Franchini told ABQ Free Press that his office rejected Blue Cross’ rate increase because the insurer couldn’t justify a 51.7 percent hike. Franchini said he offered the company a 24 percent increase but that it rejected the proposal. “I cannot approve a rate increase if I can’t prove it actuarially. The public has to have someone in the government to protect them,” Franchini said.
Shipley countered that assertion, saying Franchini offered a much lower rate hike. And, Shipley said Blue Cross offered a proposal to move most of its individual members into HMO plans with an average increase of 11 percent, but that Franchini rejected that as well. Blue Cross currently offers more than 65 individual plans on and off the exchange. Under it’s proposal, those would have been drastically reduced, Shipley said.

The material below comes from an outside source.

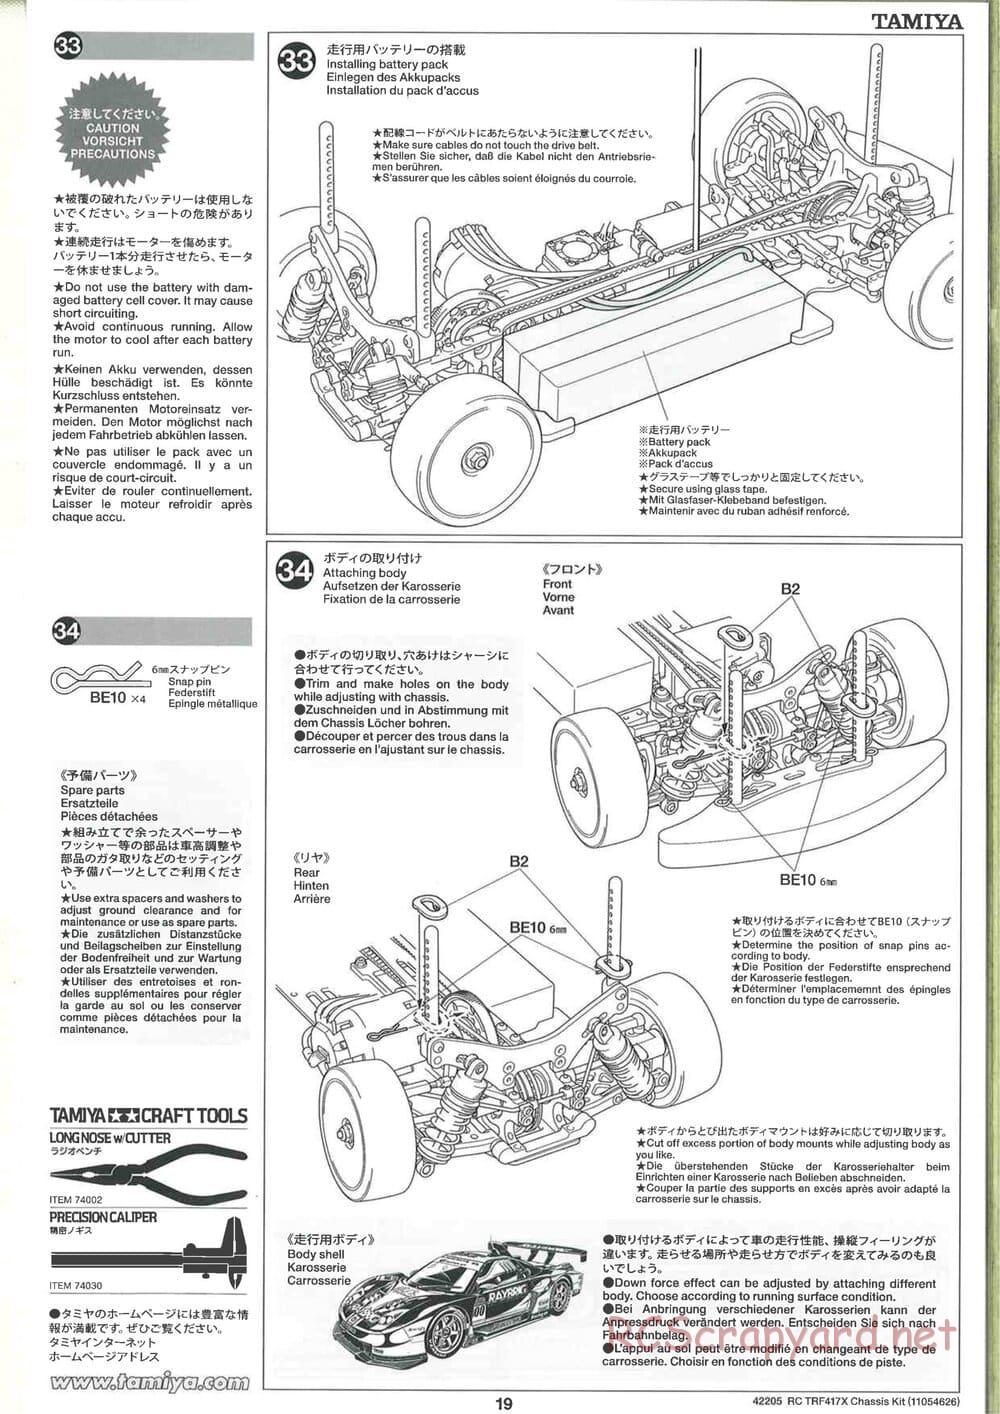 Tamiya - TRF417X Chassis - Manual - Page 19
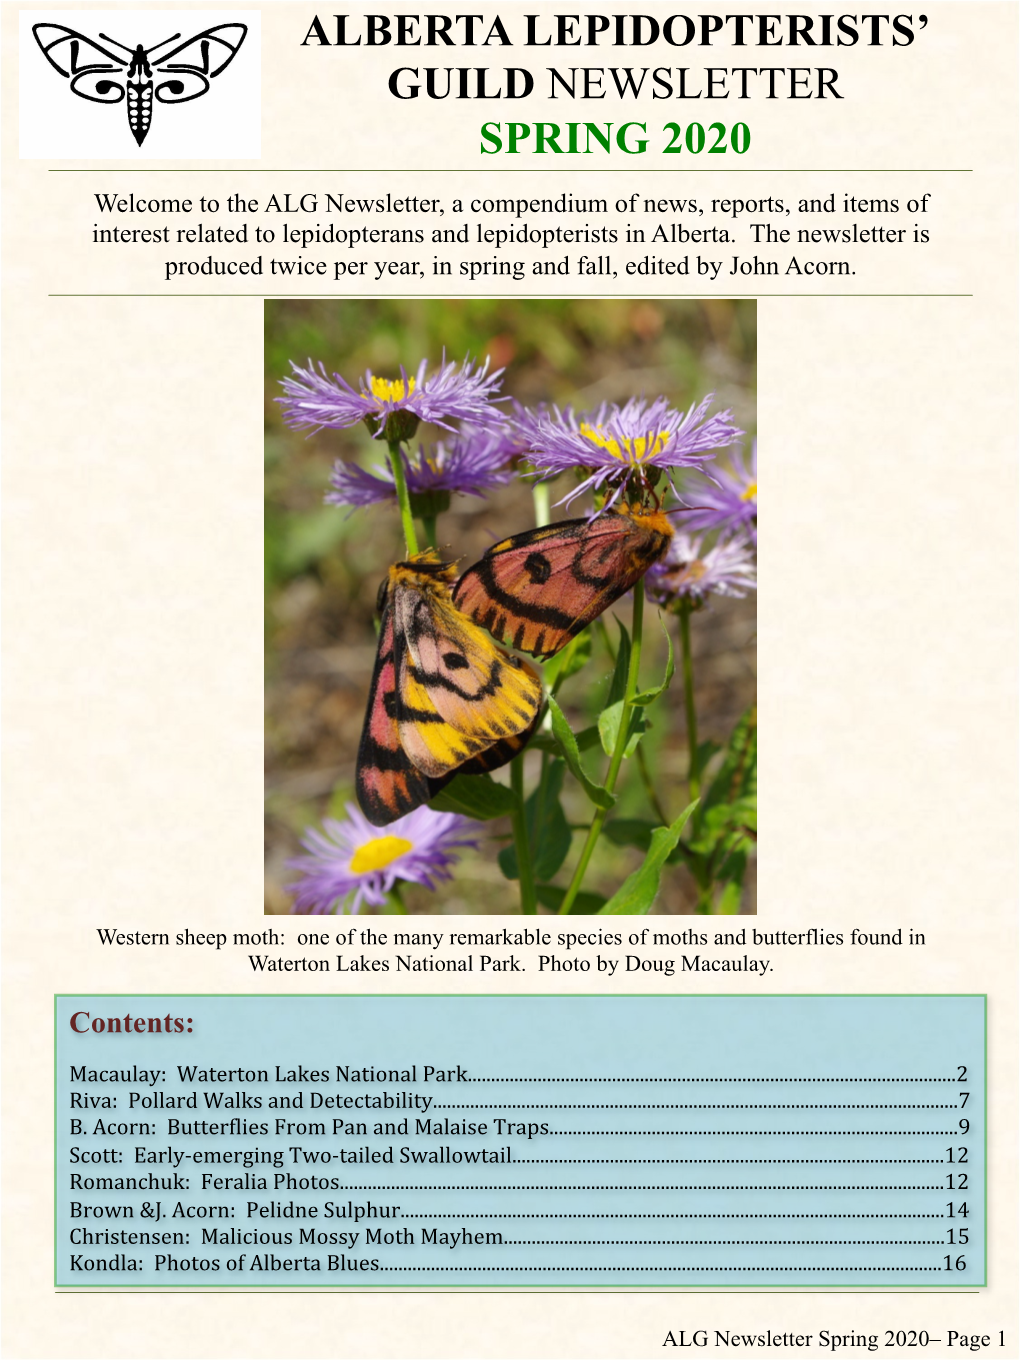 Alberta Lepidopterists' Guild Newsletter Spring 2020

The individual business both on and off the insurance exchange represents about 6 percent of Blue Cross’ business. The company insurers 600,000 New Mexicans.
Shipley said the company lost $19 million in 2014 on those 35,000 members despite getting reimbursed nearly $25 million through rate stabilization programs under the Affordable Care Act. Under the ACA, insurers with high percentages of very sick people who file lots of claims get reimbursed though reinsurance and risk adjustment programs. Two of the three programs are short-term and are being phased out, Shipley added.
The open enrollment period for consumers to buy health plans for 2016 begins Nov. 1.